(TASK TO COMPLETE) Print the whole listing below exactly as given, pictures excluded.

(SOURCE MATERIAL)
▬▬▬▬▬▬

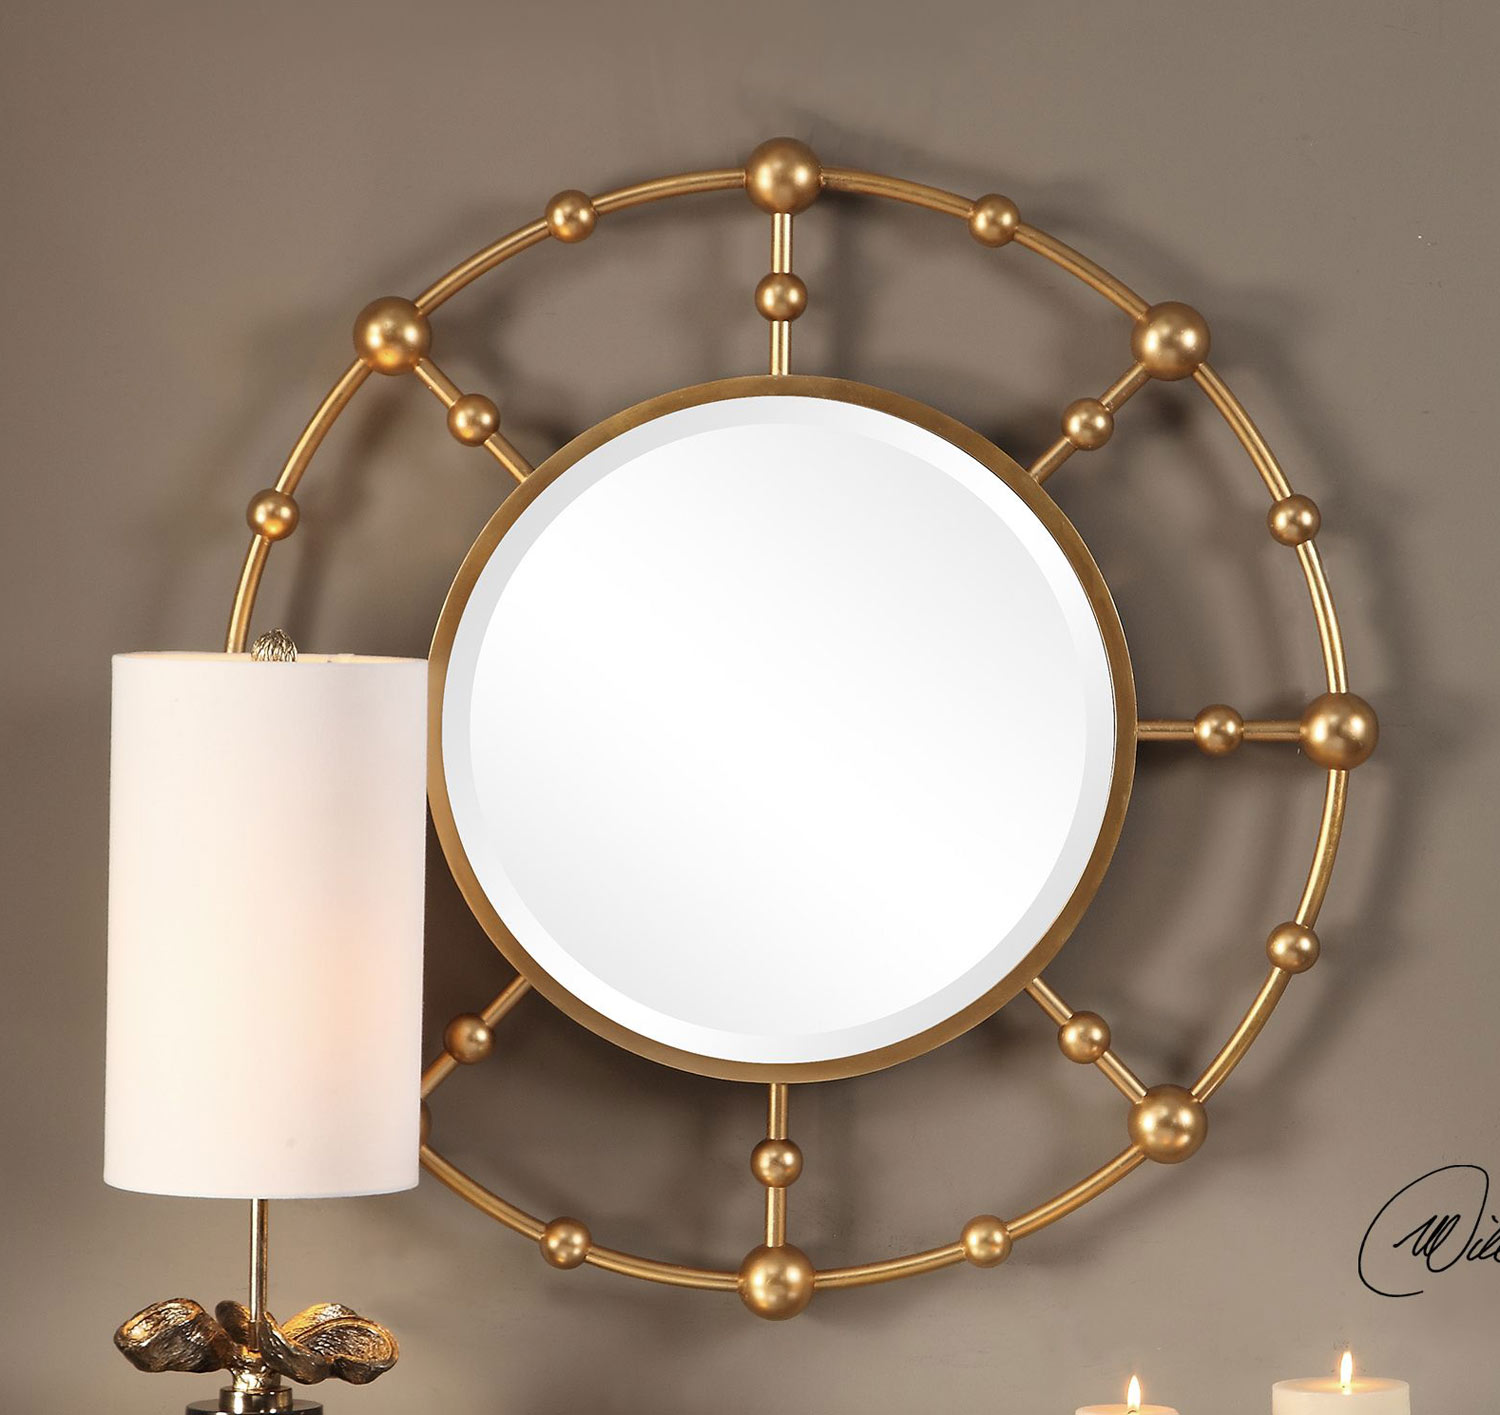 Uttermost Selim Round Mirror - Gold
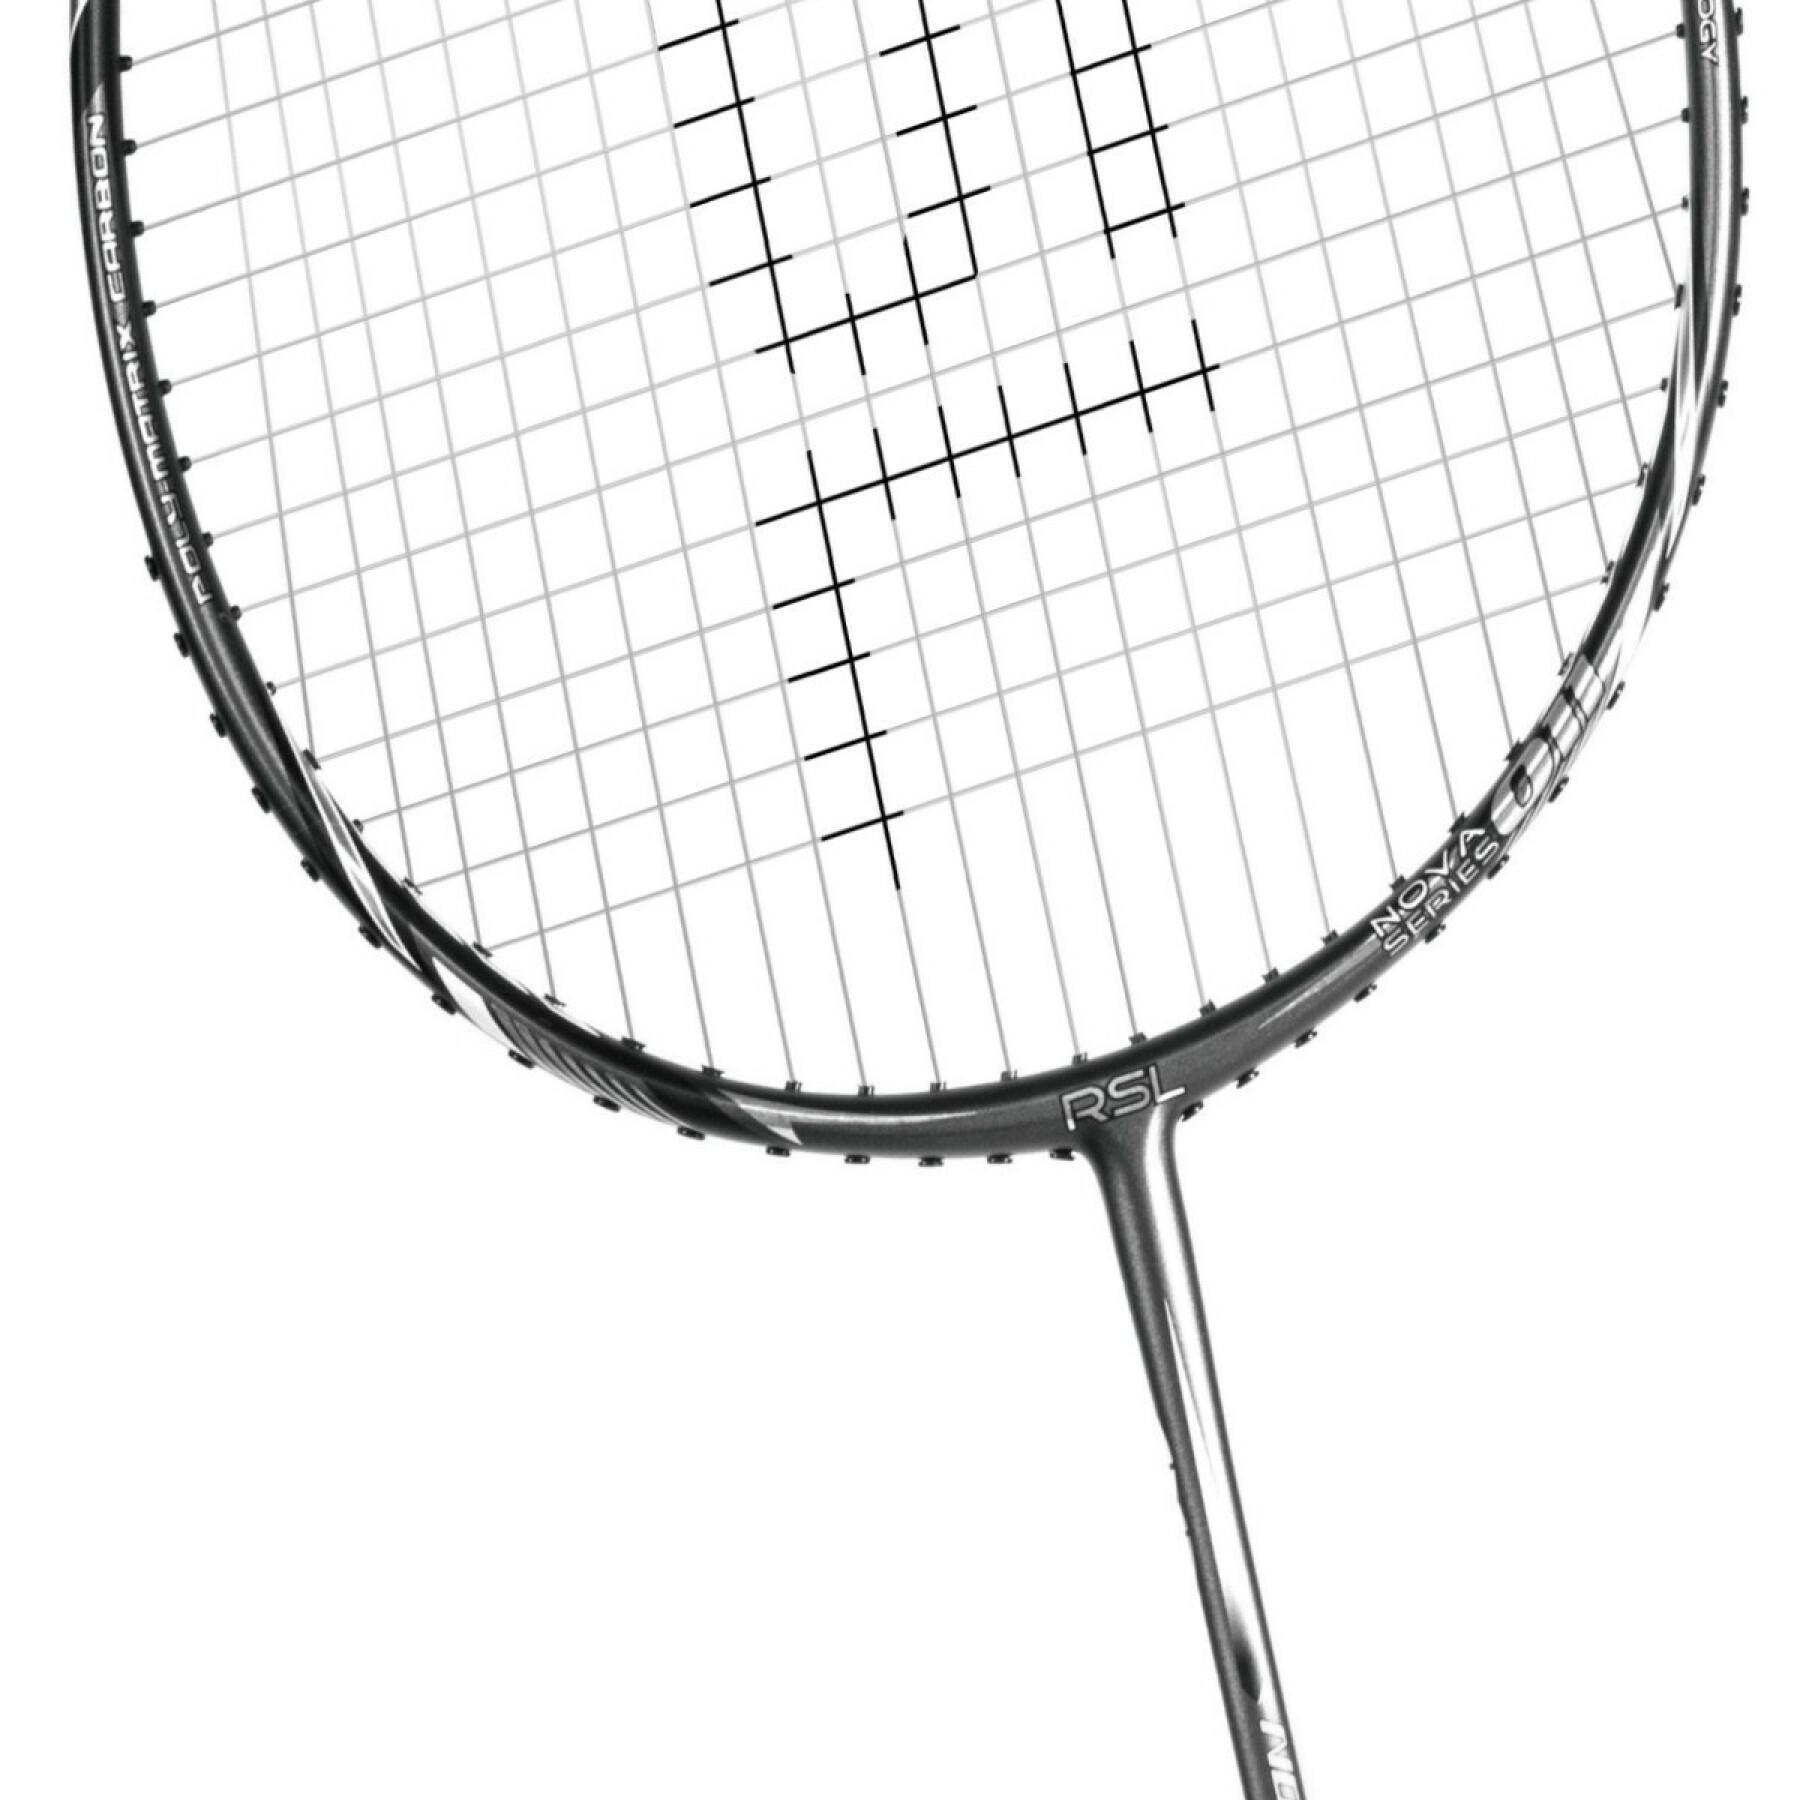 Racchetta da badminton RSL Nova
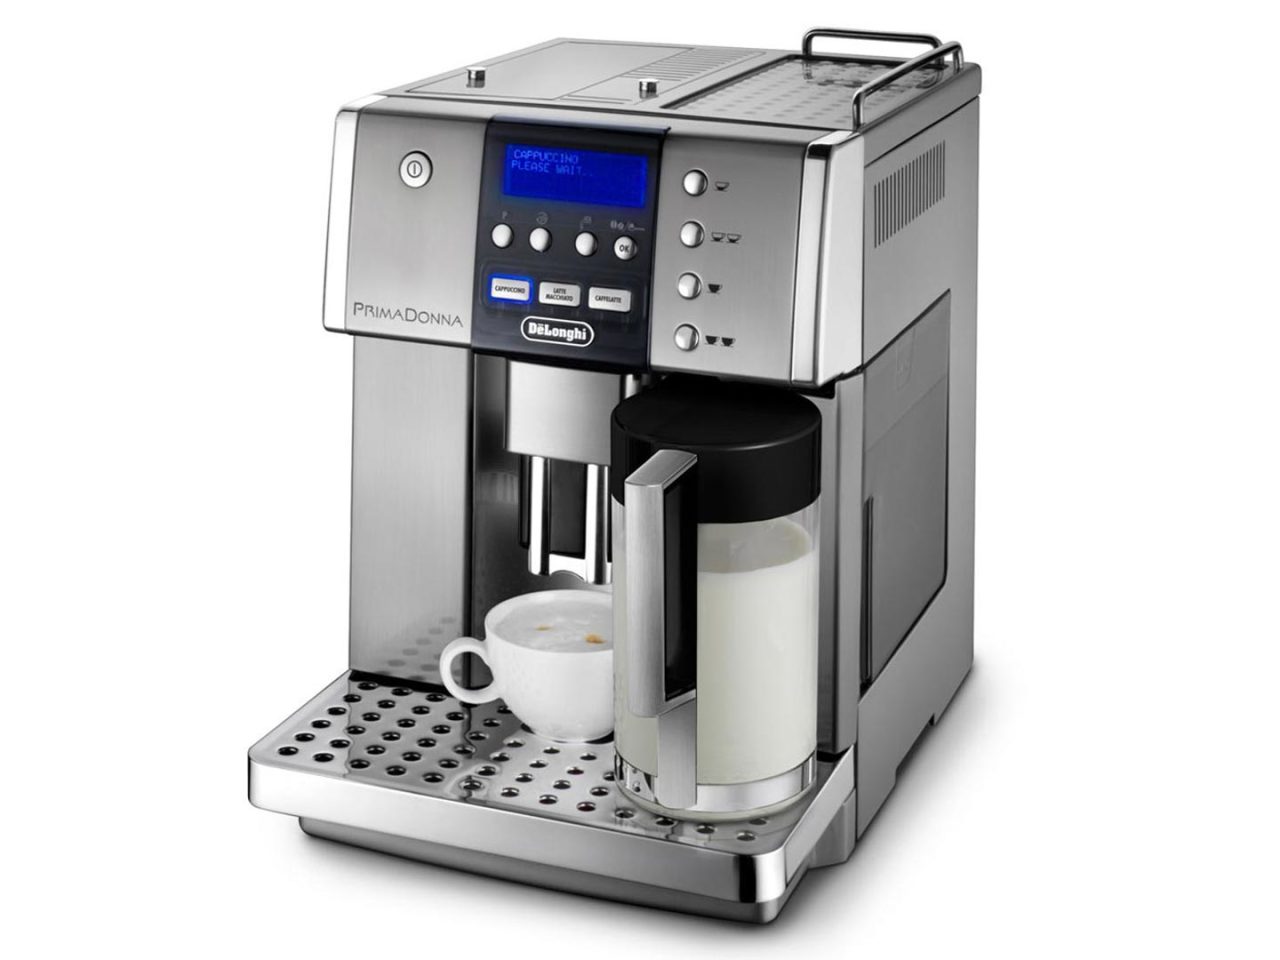 Delonghi Esam 6600 Primadonna S Espresso ve Cappuccino Makinası Makinası
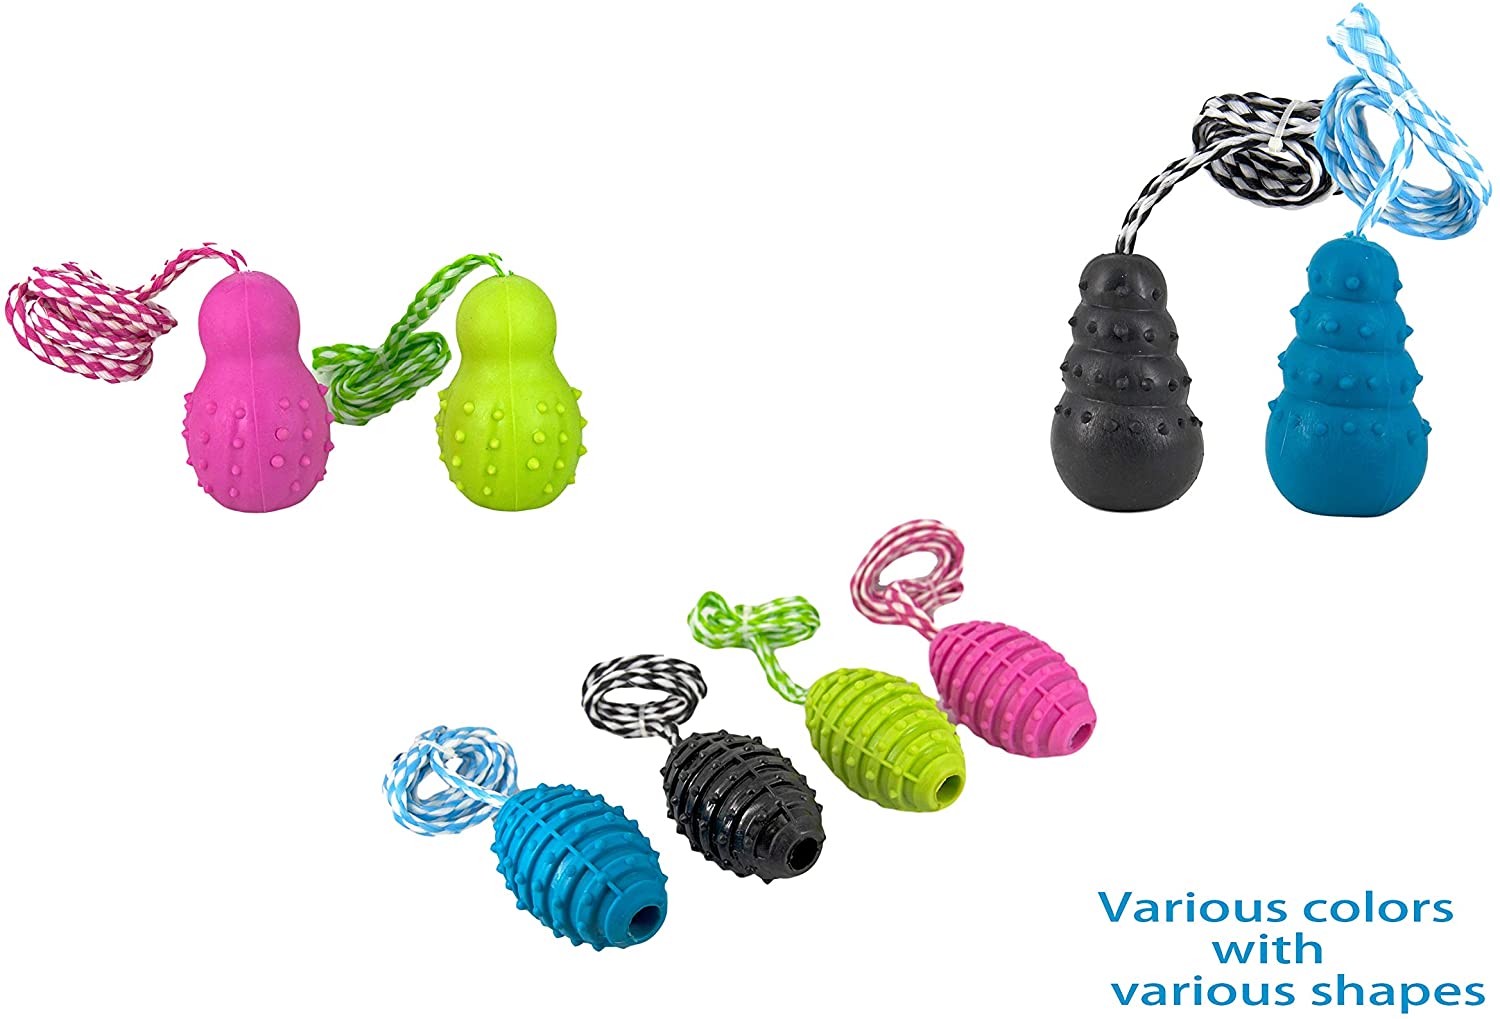  Juguetes de goma masticar divertido saltarina resistente sonido de forma torre en una cuerda de 40 cm para perros más un regalo de pelota vinilo de 9 cm, enviados de formas y colores aleatorios.

▬▬▬▬▬▬

(WRITTEN SOLUTION)
 Uttermost Selim Round Mirror - Gold
 Racchetta da badminton RSL Nova
 Delonghi Esam 6600 Primadonna S Espresso ve Cappuccino Makinası Makinası
  Juguetes de goma masticar divertido saltarina resistente sonido de forma torre en una cuerda de 40 cm para perros más un regalo de pelota vinilo de 9 cm, enviados de formas y colores aleatorios.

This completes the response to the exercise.